PRIMUS stands for Pedigree Reconstruction (PR) and Identification of a Maximum Unrelated Set (IMUS).

The IMUS method is an algorithm adapted from graph theory that always identifies the maximum set of unrelated individuals in any dataset, and allows weighting parameters to be utilized in unrelated sample selection. PRIMUS reads in user-generated IBD estimates and outputs the maximum possible set of unrelated individuals, given a specified threshold of relatedness. Additional information for preferential selection of individuals may also be utilized.

The PR algorithm is a method to reconstruct pedigrees within a genetic dataset. PRIMUS can verify expected pedigree structures from genetic data, and it can identify and incorporate novel, cryptic relationships into pedigrees.

References:

Jeffrey Staples, Dandi Qiao, Michael H. Cho, Edwin K. Silverman, University of Washington Center for Mendelian Genomics, Deborah A. Nickerson, and Jennifer E. Below. PRIMUS: Rapid reconstruction of pedigrees from genome-wide estimates of identity by descent. The American Journal of Human Genetics, Volume 95, Issue 5, 2014, Pages 553-564

Documentation

PRIMUS Main Site

Important Notes

Module Name: PRIMUS (see the modules page for more information)
Singlethreaded
For example data, see the environment variable, PRIMUS_TEST_DATA

Interactive job

Interactive jobs should be used for debugging, graphics, or applications that cannot be run as batch jobs.

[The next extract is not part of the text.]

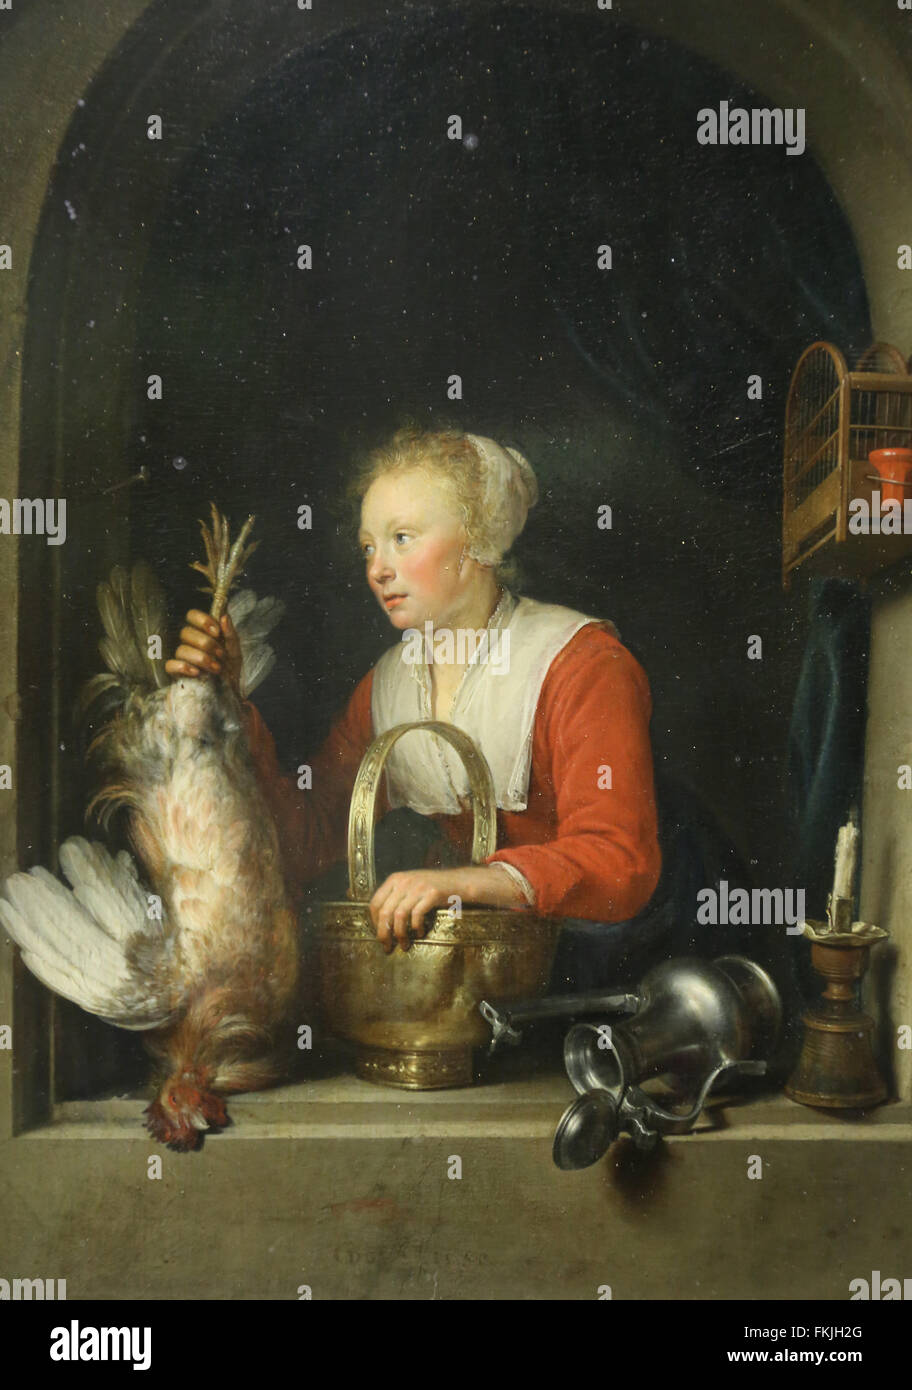 Gerad Dou (1613-1675). Dutch painter. Woman hanging a rooster in her windows or Dutch housewife 1650. Louvre Museum. Paris. Stock Photo

Allocate an interactive session and run the program.
Sample session (user input in bold):

[user@biowulf]$ sinteractive
salloc.exe: Pending job allocation 46116226
salloc.exe: job 46116226 queued and waiting for resources
salloc.exe: job 46116226 has been allocated resources
salloc.exe: Granted job allocation 46116226
salloc.exe: Waiting for resource configuration
salloc.exe: Nodes cn3144 are ready for job

[user@cn3144 ~]$ module load PRIMUS
[+] Loading plink  2.3-alpha
[+] Loading PRIMUS  1.9.0
[user@cn3144 ~]$ cp $PRIMUS_TEST_DATA/complete.genome .
[user@cn3144 ~]$ run_PRIMUS.pl --plink complete.genome

FILES AND COLUMNS
LOG FILE: complete.genome_PRIMUS/PRIMUS_output.log
IBD file: complete.genome (FID1=1; IID1=2; FID2=3; IID2=4; IBD0=7; IBD1=8; IBD2=9; PI_HAT/RELATEDNESS=10)
Dataset results dir: complete.genome_PRIMUS
Age file: none
Sex file: none
Affection file: none
Trait weighting:
        size (size)

SETTINGS
Get PLINK IBD ESTIMATES with prePRIMUS: 0
Automatic reference population selection: 1
Verbose: 1
Relatedness threshold: 0.09375
Initial likelihood cutoff: 0.3
Max generations: none
Max generational mating gap: 0
Get max unrelated set: 1
Reconstruct pedigrees: 1
Relatedness_file: complete.genome
Threshold: 0.09375
Selection criteria are based on the following:
        size (size)

IDENTFYING FAMILY NETWORKS IN DATA
Writing network files to complete.genome_PRIMUS/
Loading data...
done.
done.

IDENTIFYING A MAXIMUM UNRELATED SET
Checking for large networks...
done.
# of family networks: 1
Writing out unrelated set
done.
Testing alternative methods...
done.
unrelated_file: complete.genome_maximum_independent_set
unrelated_set size: 6
RECONSTRUCTING complete.genome_network1
Output directory: complete.genome_PRIMUS/complete.genome_network1
Use mito non-match: 0
Use mito match: 0
Use Y non-match: 0
Use Y match: 0
Entering Resolve PC trios. # of possible pedigrees: 1
Entering Phase 1. # of possible pedigrees: 1
Entering Phase 2. # of possible pedigrees: 1
Entering Phase 3. # of possible pedigrees: 1
networks pre-prune: 1
networks post-prune: 1
Writing summary file
Writing .fam file for complete.genome_network1_1
Writing dataset Summary file complete.genome_PRIMUS/Summary_complete.genome.txt
done.
[user@cn3144 ~]$ exit
salloc.exe: Relinquishing job allocation 46116226
[user@biowulf ~]$

Batch job

Most jobs should be run as batch jobs.

Create a batch input file (e.g. PRIMUS.sh). For example:

#!/bin/bash
set -e
module load PRIMUS
run_PRIMUS.pl --plink input.genome

Submit this job using the Slurm sbatch command.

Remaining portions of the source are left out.